Characteristics of the Five TrialNet Recent Onset Type 1 Diabetes Trials (All studies assumed the same control group mean at the primary on-study time for analysis to be 0.248 with a standard deviation of 0.179 [6]. Both these estimates are on the transformed scale: f(x) = log[x_i + 1] on which the primary analysis was conducted. The inverse transform f⁻¹(y) = exp(y) − 1 returns values to the more meaningful mole concentration scale e.g., f⁻¹(0.248) = 0.281 pmol/ml.

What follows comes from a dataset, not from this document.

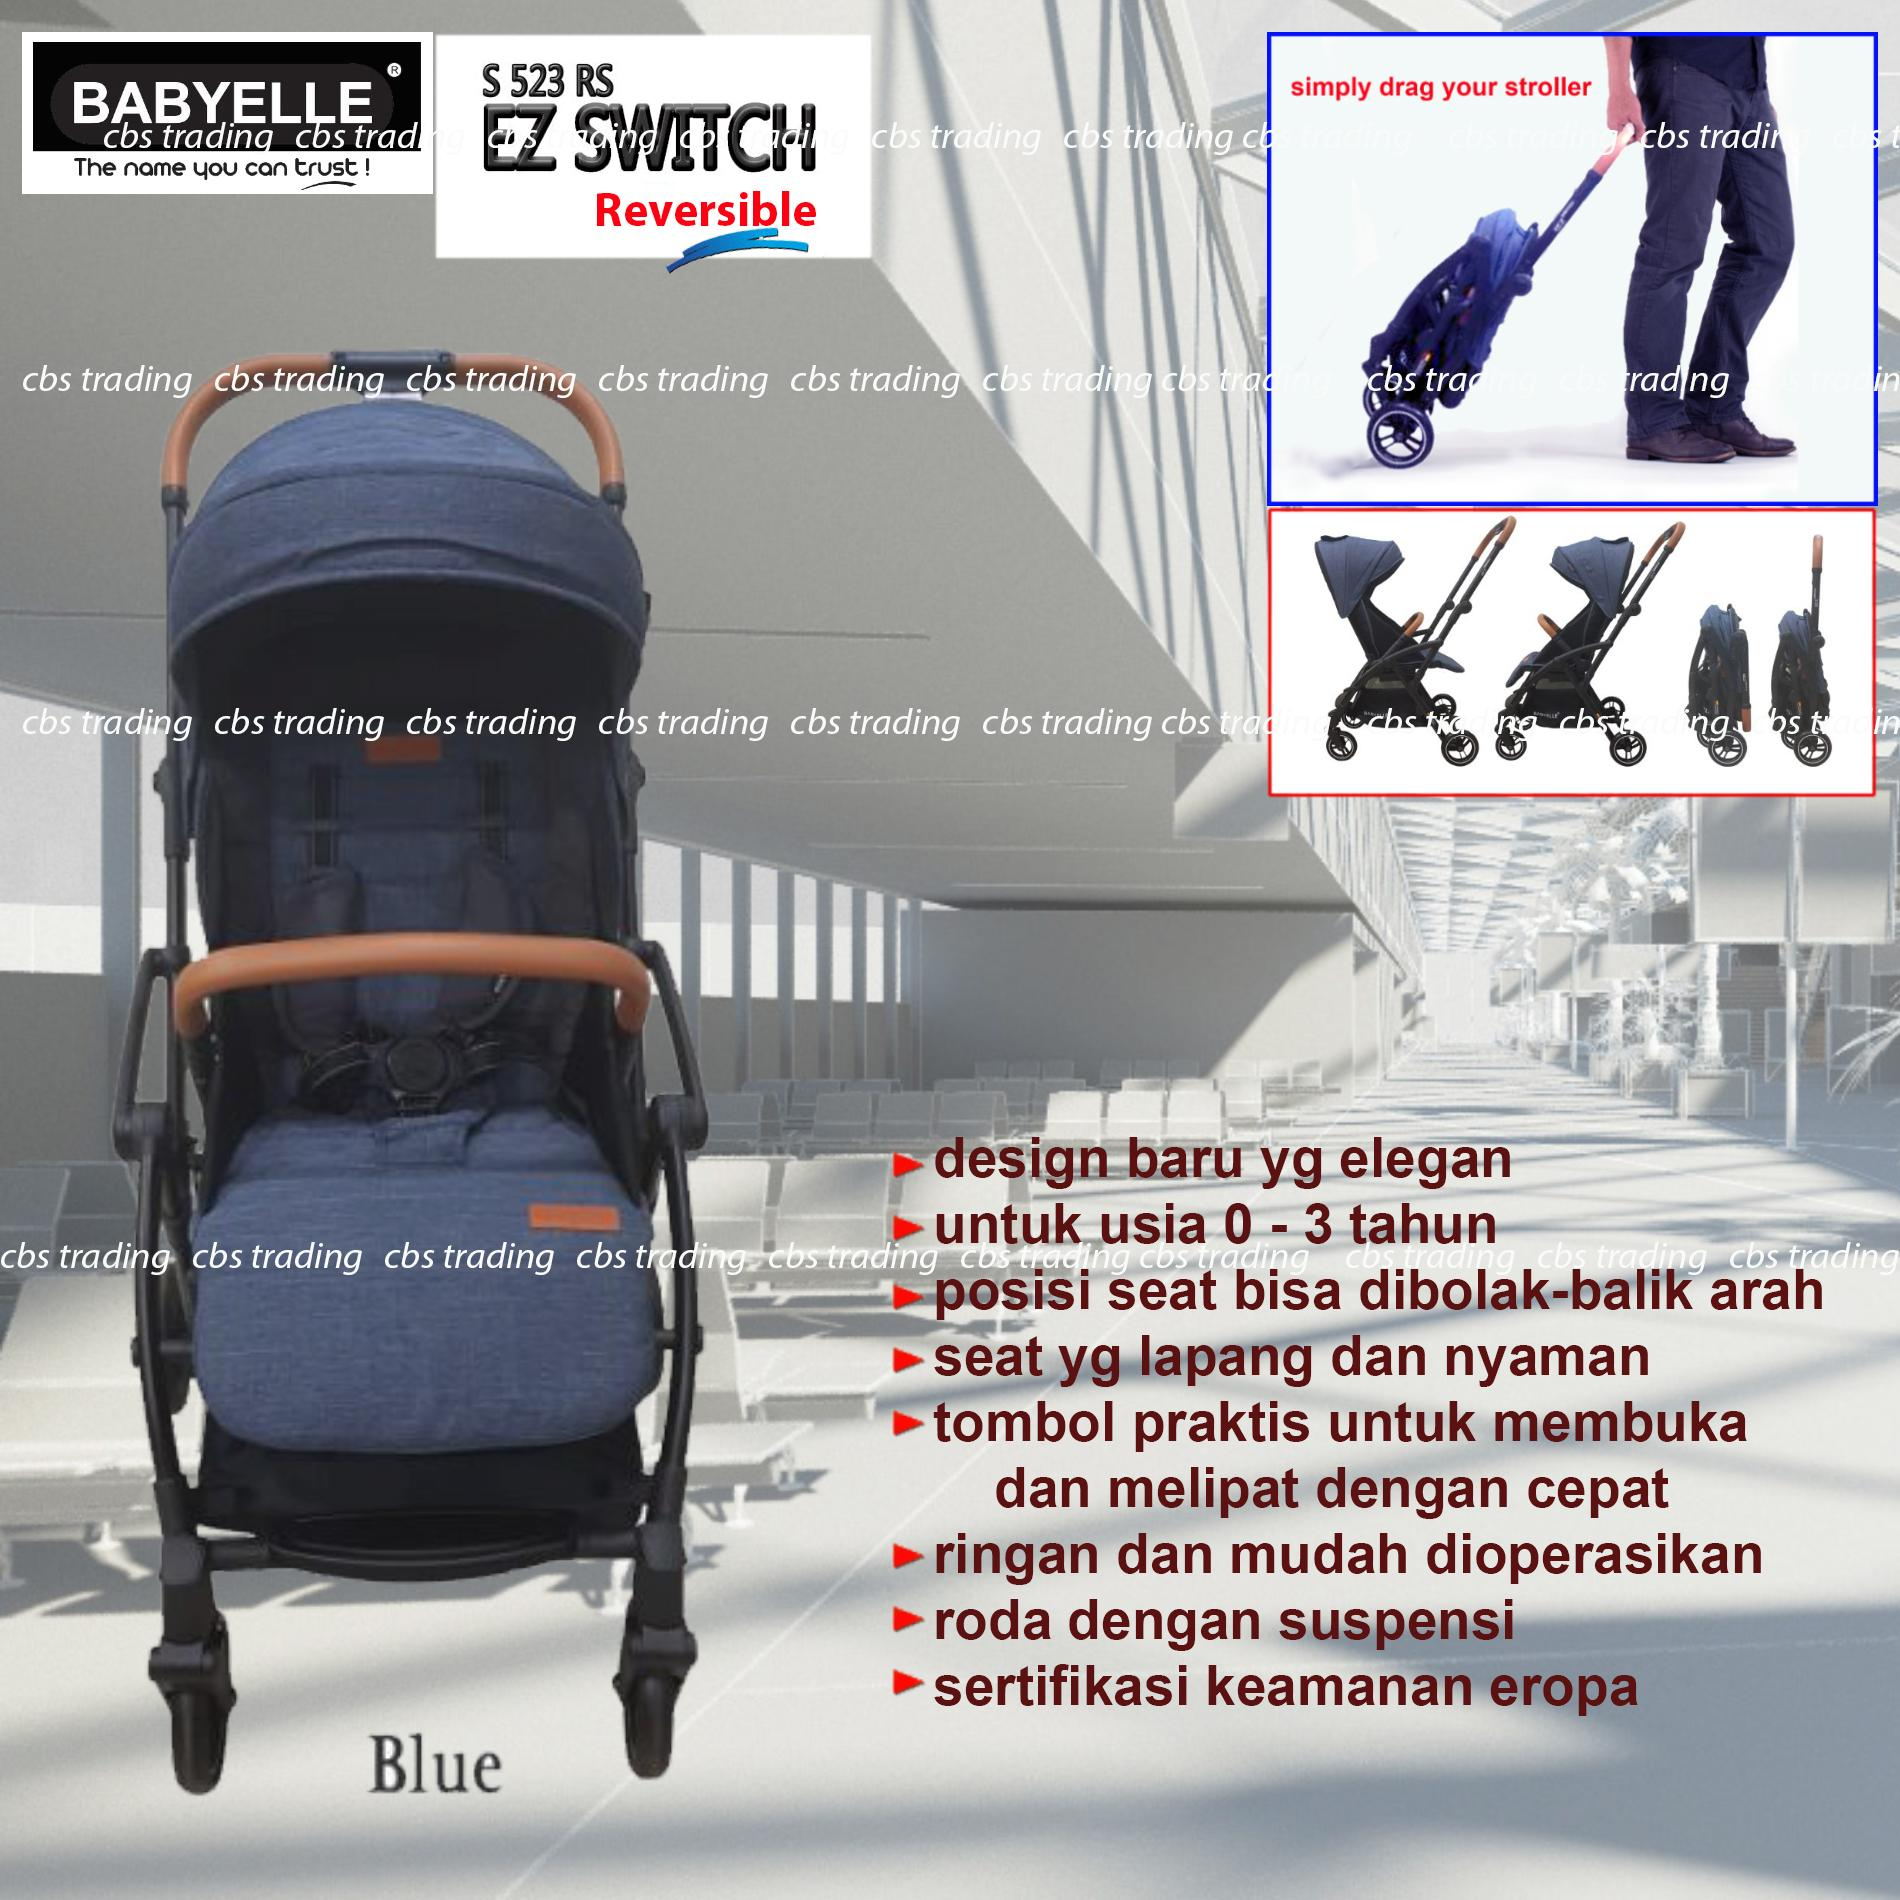 Jual Produk Baby Elle Terlengkap Babyelle Automatic Swing Pink 32007 Stroller S523rs Ez Switch Lightweight Travelmate Kereta Dorong Bayi Blue

Subject Characteristic/Statistic	MMF ± DZB TN-02*	Rituximab TN-05	GAD TN-08	Abatacept TN-09	Canakinumab TN-14
Number Randomized Control: Experimental(s)	42:31:41	29:52Δ	48:49:48	35:77	22:47
Age
Median	15.0	16.1	15.2	12.9	11.1
1st & 3rd Quartiles	12.4, 22.9	13.2, 23.4	10.6, 20.6	10.1, 17.3	9.2, 15.7
Range	8.7 – 46.1	8.3 – 40.5	3.6 – 45.8	6.5 – 36.8	6.1 – 31.9
Gender
Male	68 (59.6%)	50 (61.7%)	81 (55.9%)	66 (58.9%)	38 (55.1%)
Female	46 (40.4%)	31 (38.3%)	64 (44.1%)	46 (41.1%)	31 (44.9%)
C-Peptide AUC Mean†
Baseline Mean (pmol/ml)	0.660	0.712	0.697	0.706	0.611
12-month Mean (pmol/ml)	0.366	0.522	0.404	0.476	0.388
Minimum Detectable Difference‡ $\frac{{\mu }_{C-\mathit{\text{Pep}}}^{\mathit{\text{Expermntl}}.}}{{\mu }_{C-\mathit{\text{Pep}}}^{\mathit{\text{Placebo}}}}$	$\frac{0.464}{0.281}=1.65$	$\frac{0.464}{0.281}=1.65$	$\frac{0.450}{0.281}=1.60$	$\frac{0.422}{0.281}=1.50$	$\frac{0.464}{0.281}=1.65$
Design alpha-level (sidedness of test)	0.0167 (1)	0.05 (1)	0.025 (1)	0.05 (1)	0.05 (1)
Design Allocation	1:1:1	1:2	1:1:1	1:2	1:2
Sample Size Goal•	40×3=120	20+39	38×3=114	32+64=96	20+40=60

^*MMF = Mycophenolate Mofetil; DZB = Daclizumab; Originally designed as a 3-arm trial: placebo, MMF only, and MMF + DZB, an error in the randomization system allocated 12 subjects to the unintended treatment of MMF only. These 12 were excluded from all analyses conducted in this manuscript.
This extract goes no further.